▸ What is needed:
Transcribe the listing underneath, keeping each word exact and omitting the images.

_ _ _

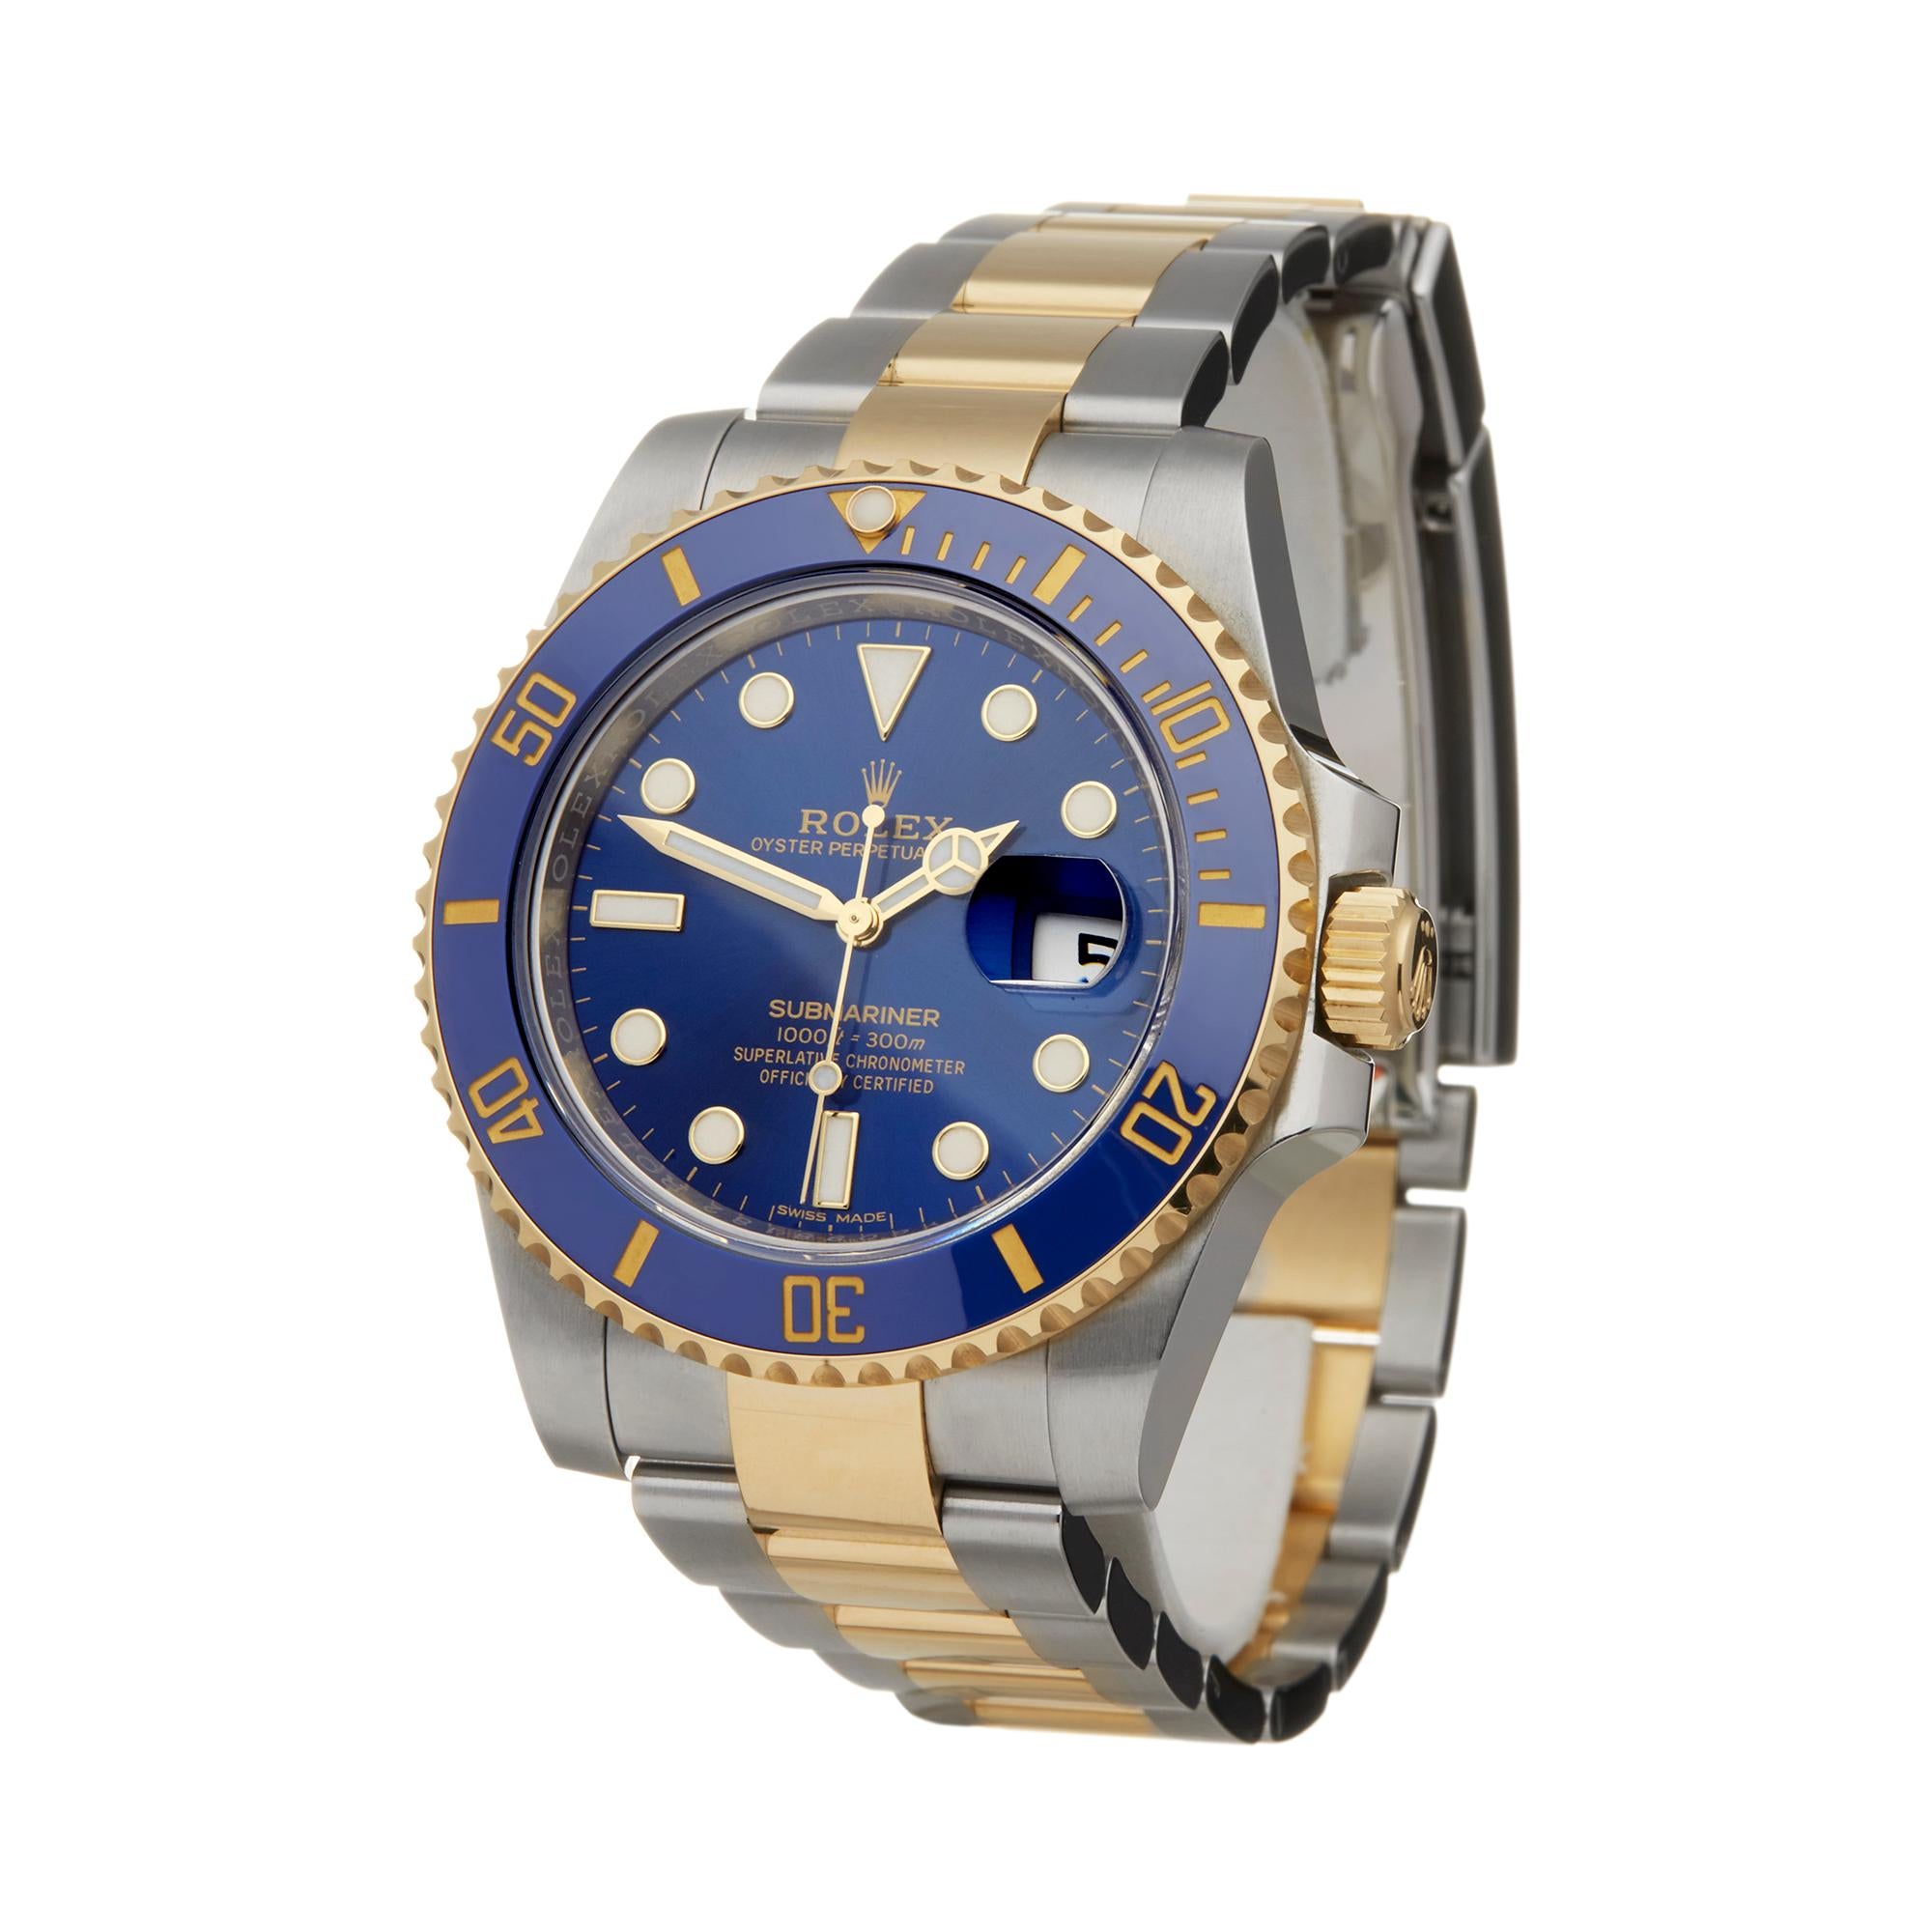 Reference: W5996
Manufacturer: Rolex
Model: Submariner
Model Reference: 116613LB
Date: 8th December 2016
Gender: Men's
Box and Papers: Box, Manuals and Guarantee
Dial: Blue
Glass: Sapphire Crystal
Movement: Automatic
Water Resistance: To

_ _ _

▸ Task answer:
 Reference: W5996
Manufacturer: Rolex
Model: Submariner
Model Reference: 116613LB
Date: 8th December 2016
Gender: Men's
Box and Papers: Box, Manuals and Guarantee
Dial: Blue
Glass: Sapphire Crystal
Movement: Automatic
Water Resistance: To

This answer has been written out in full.